Institutional products, geographic expansion, and marketing efficiency
Management said a key priority is expanding beyond a retail-driven AUM base to increase institutional participation. Wattenström cited demand for vehicles such as UCITS and SICAV structures in Europe, as well as Cayman-based hedge funds, and said some investors want token-based or on-chain “vault” access. He said UCITS products would first be marketed through fund platforms globally, with exchange listings potentially a “phase two,” noting “pushback from the regulatory authorities in Europe.”
President Andrew Forson highlighted branding and visibility efforts in 2025, saying the company onboarded buyers from regions including Saudi Arabia, Hong Kong, Japan, and Brazil. Forson said Valour launched two products on the London Stock Exchange in October 2025 and listed five ETP instruments and DeFi Technologies shares on Brazil’s B3 exchange in December 2025, which he described as the first time the company had products listed outside Europe.
Asked about traction in Brazil, Forson said the company is taking a conservative approach amid macro volatility, building organic teams and cost-efficient distribution partnerships. He said the company initiated capital markets activities in those newer markets in March and is already seeing traction, but emphasized a “slow and steady” approach.

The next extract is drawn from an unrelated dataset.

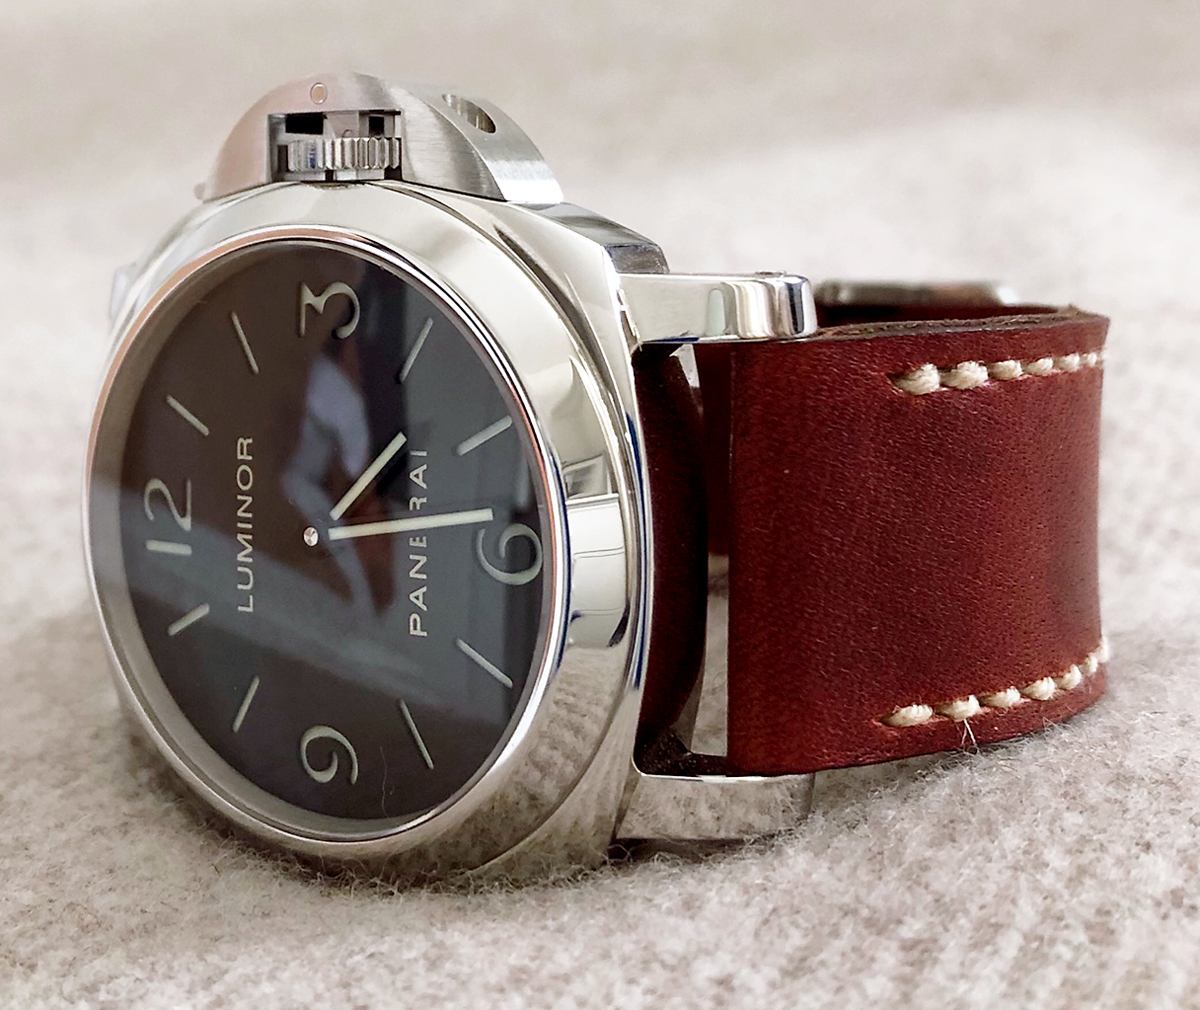 Panerai 112 on Autumn Leaf leather with natural stitching. © Benjamin Wilson

Management also discussed reducing marketing costs while maintaining outreach. Bozoki said the company spent CAD 8.8 million on marketing in 2025 and expects most of the projected operating expense reduction for 2026 to come from cutting that spend. Wattenström said the company is doing “more marketing” but cutting “bad marketing” that was expensive and produced low impact. Forson described a more direct strategy—meeting institutional investors face-to-face, using the company’s own events and communications platform, and using AI tools—rather than large, broad media campaigns.
Bozoki said the company is declining to provide consolidated guidance for 2026 due to market volatility, citing factors including the war in Iran and crypto price swings since Bitcoin peaked on October 10, 2025. He said the company’s cash position supports executing on long-term objectives even in prolonged volatility.
About DeFi Technologies (NASDAQ:DEFT)
DeFi Technologies Inc is a Vancouver-based company focused on decentralized finance (DeFi) and digital asset investments. Through strategic equity stakes and token allocations, the company aims to provide investors with exposure to leading DeFi protocols, applications, and infrastructure projects. Its core activities include sourcing, evaluating and acquiring positions in blockchain-based platforms that facilitate decentralized lending, trading, yield farming and liquidity provision.
In addition to its investment portfolio, DeFi Technologies works to develop and distribute tokenized products that bridge traditional capital markets with emerging DeFi ecosystems.